DESCRIPTION OF THE TASK: Extract each line of the material that follows exactly and omit its pictures.

DATASET EXCERPT:
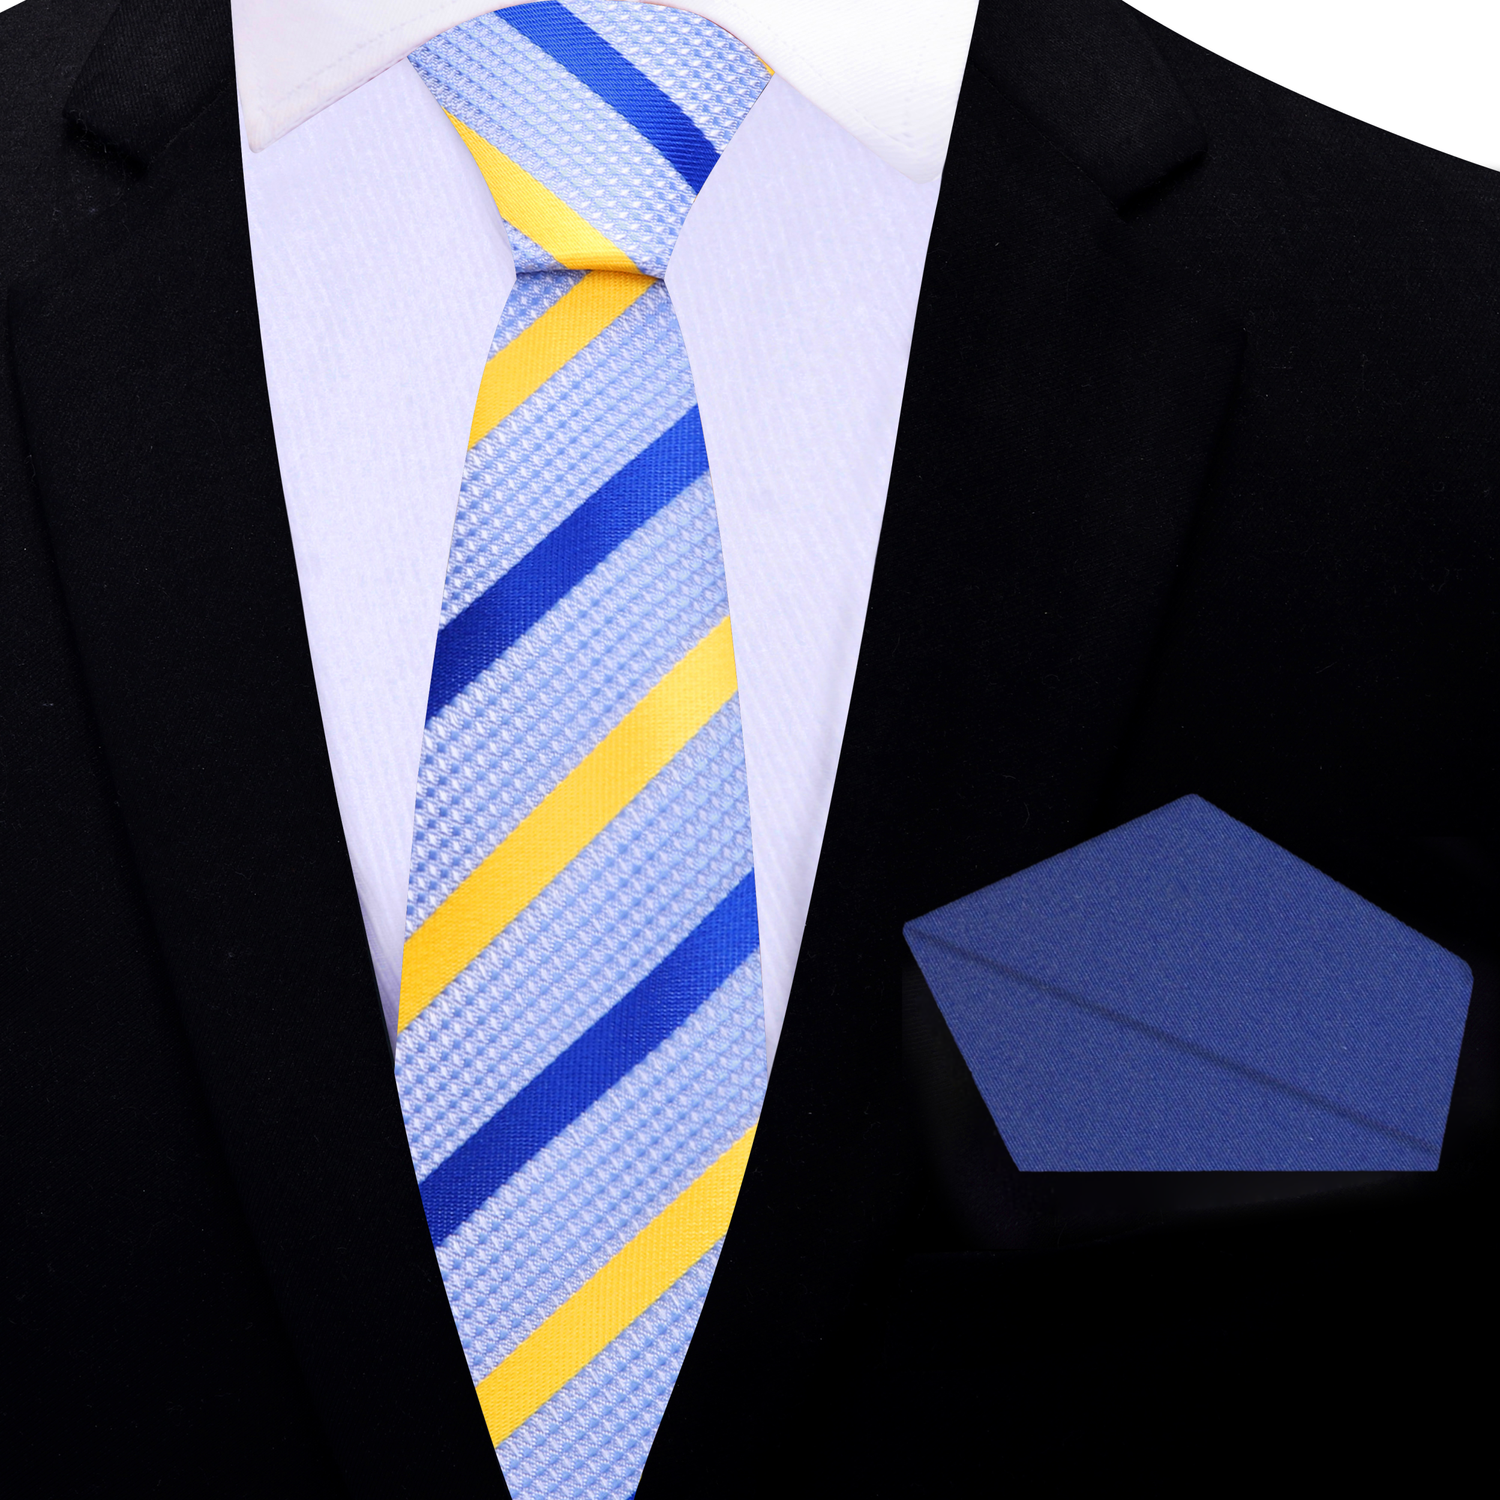 Thin Tie: Light Blue, Blue, Yellow Stripe Tie and Blue Square
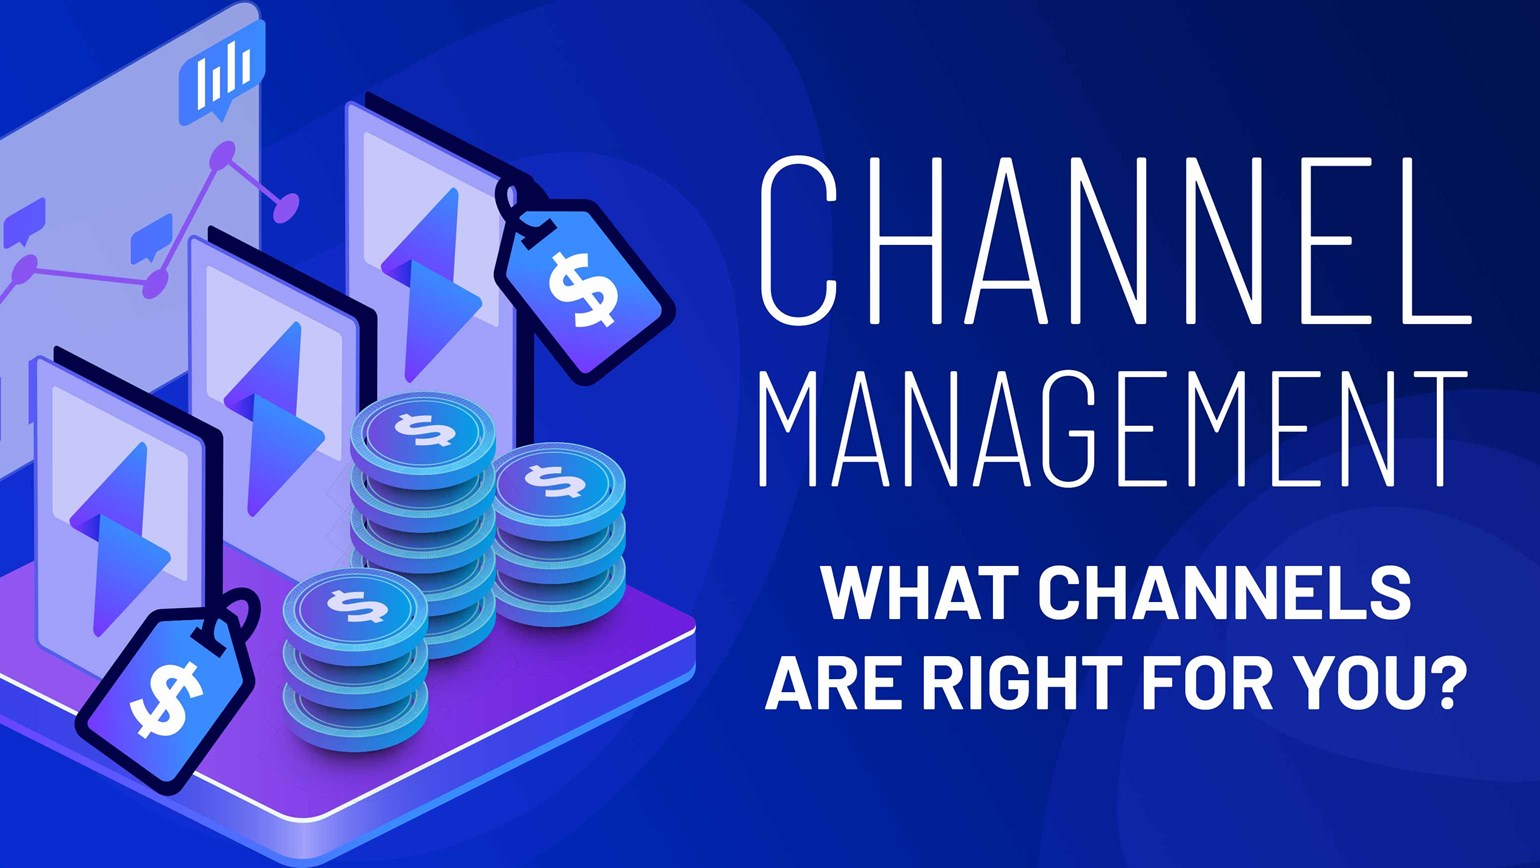 Channel Management: What Channels Are Right For You?
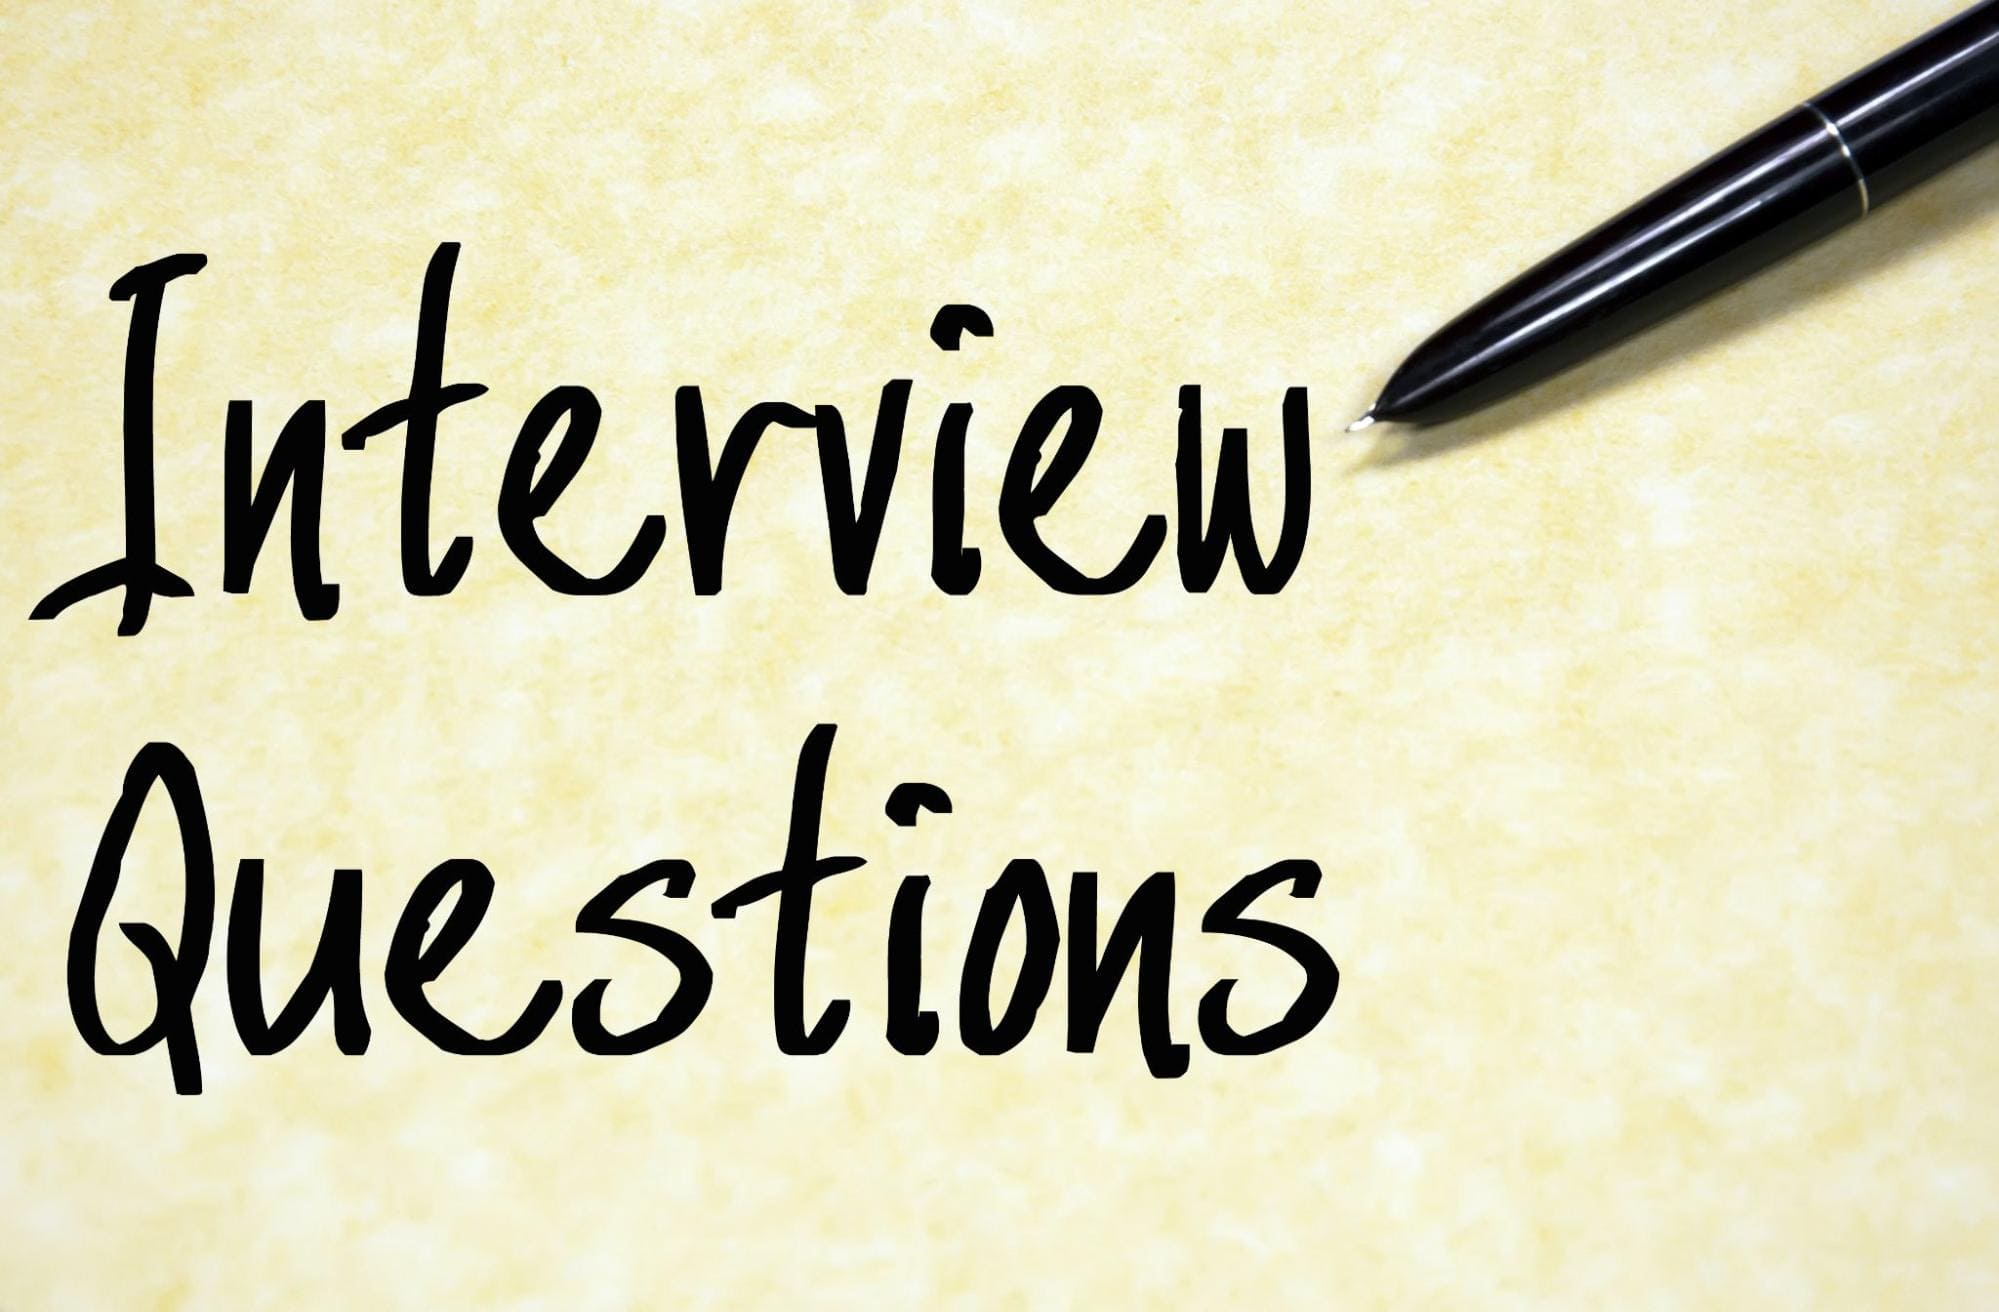 Latest interesting interview questions in 2023

SOLUTION TO THIS PROBLEM:
 Thin Tie: Light Blue, Blue, Yellow Stripe Tie and Blue Square
 Channel Management: What Channels Are Right For You?
 Latest interesting interview questions in 2023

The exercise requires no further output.